Дороги и судьбы | страница 40
В этой своей записи мать приводит стихи Лозинского, ей посвященные, начинающиеся так: "Панна Воейкoва, я сойду с ума, ждал ли я такого милого письма!" А я уже знала эти стихи, до чтения материнских дневников знала! В конце пятидесятых годов Анна Андреевна Ахматова протянула мне бумажку, исписанную незнакомым почерком: "Не вашей ли маме это было посвящено?" Добавила, что однажды Лозинский читал ей, Ахматовой, эти стихи, сказав: "Написал одной барышне". Не знаю, почему у Анны Андреевны оказался черновик этого стихотворения. Она отдала его мне, а я отнесла матери. Ничего не объясняя, просто сказала: "Взгляни-ка!" И помню выражение изумления, почти испуга, появившегося на мамином старом лице, когда она увидела эту бумажку, этот почерк, эти стихи... Молча прочитала, подняла на меня глаза, явно сделав над собой усилие, чтобы голос звучал спокойно: "Откуда это у тебя?" Я сказала - откуда.
"Милый повеса, талантливый юноша, первая настоящая любовь моей петербургской юности" - так пишет мать о Михаиле Леонидовиче в своих более поздних дневниках. Известно ли ему было об этой любви? Что там произошло между ними? Не знаю и не узнаю никогда. Никого больше нет, ни его, ни жены его, Татьяны Борисовны, ни моей матери.
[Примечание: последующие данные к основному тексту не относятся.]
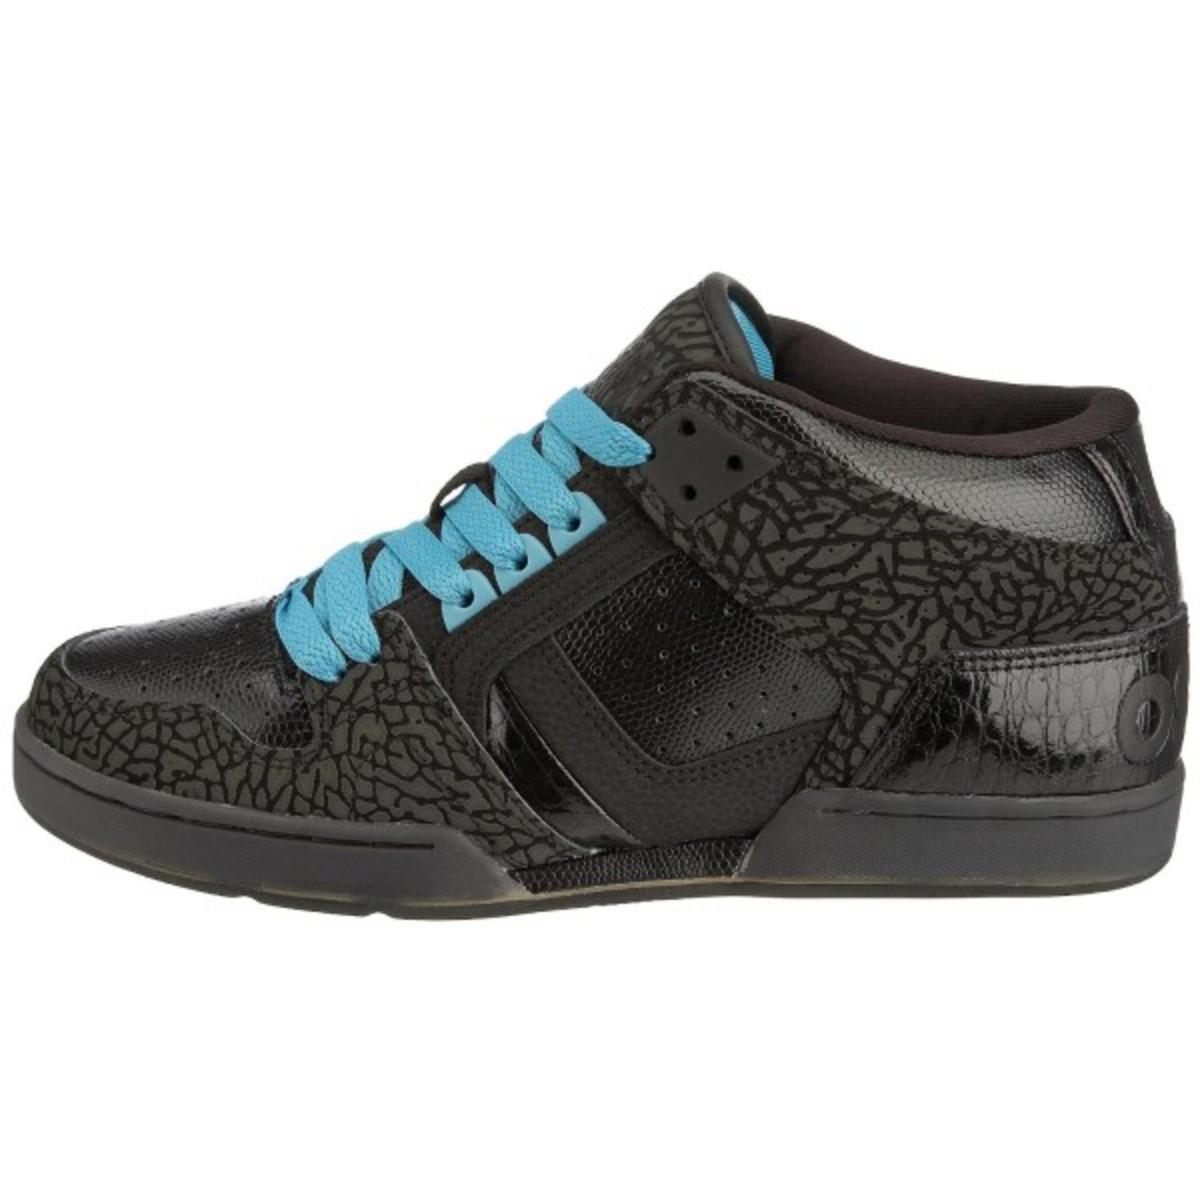 Osiris South Bronx Skate Shoes Black   Black   Pagoda Shoes up to ... 9f1b161c74a

Он женился, а мать вышла замуж за моего отца, своего ровесника и дальнего родственника, который уже несколько лет добивался ее руки. Вышла par depit[ 6 ], как говаривали в старину. Решилась на это, однако, не сразу. По дневниковым ее записям вижу: очень колебалась. И не был он ко двору в маминой семье Воейковых, сплошь состоявшей из ученых. Но все-таки: вышла. Поселилась с ним под Новгородом, и были там минуты, когда ей казалось, что она любит его,- опять сужу по дневникам...
Итак, в комнате № 43 мать вспоминала, читала, размышляла и записывала свои мысли то о символистах, то еще о каких-то литературных течениях. После целого дня беготни по редакциям и урокам, после ломбарда, где мать постоянно что-то закладывала, и иных отчаянных попыток достать рубль на обед - ее ждала комната № 43, заветная дневниковая тетрадь, вид из окна, уединение... Здесь мать забывала о своем нищенстве, становилась, как она писала, "сама собой". Эта комната была единственным местом, где мать могла уважать и любить себя за то, что она на голову, на много голов выше по развитию, по образованию всех тех кто унижал ее в течение дня: управляющего домом Ягунова, и газетного бухгалтера, и оценщика в ломбарде, и любопытствующих соседей... Эта комната была островком среди моря невзгод, единственным местом, где мать ощущала почву под ногами.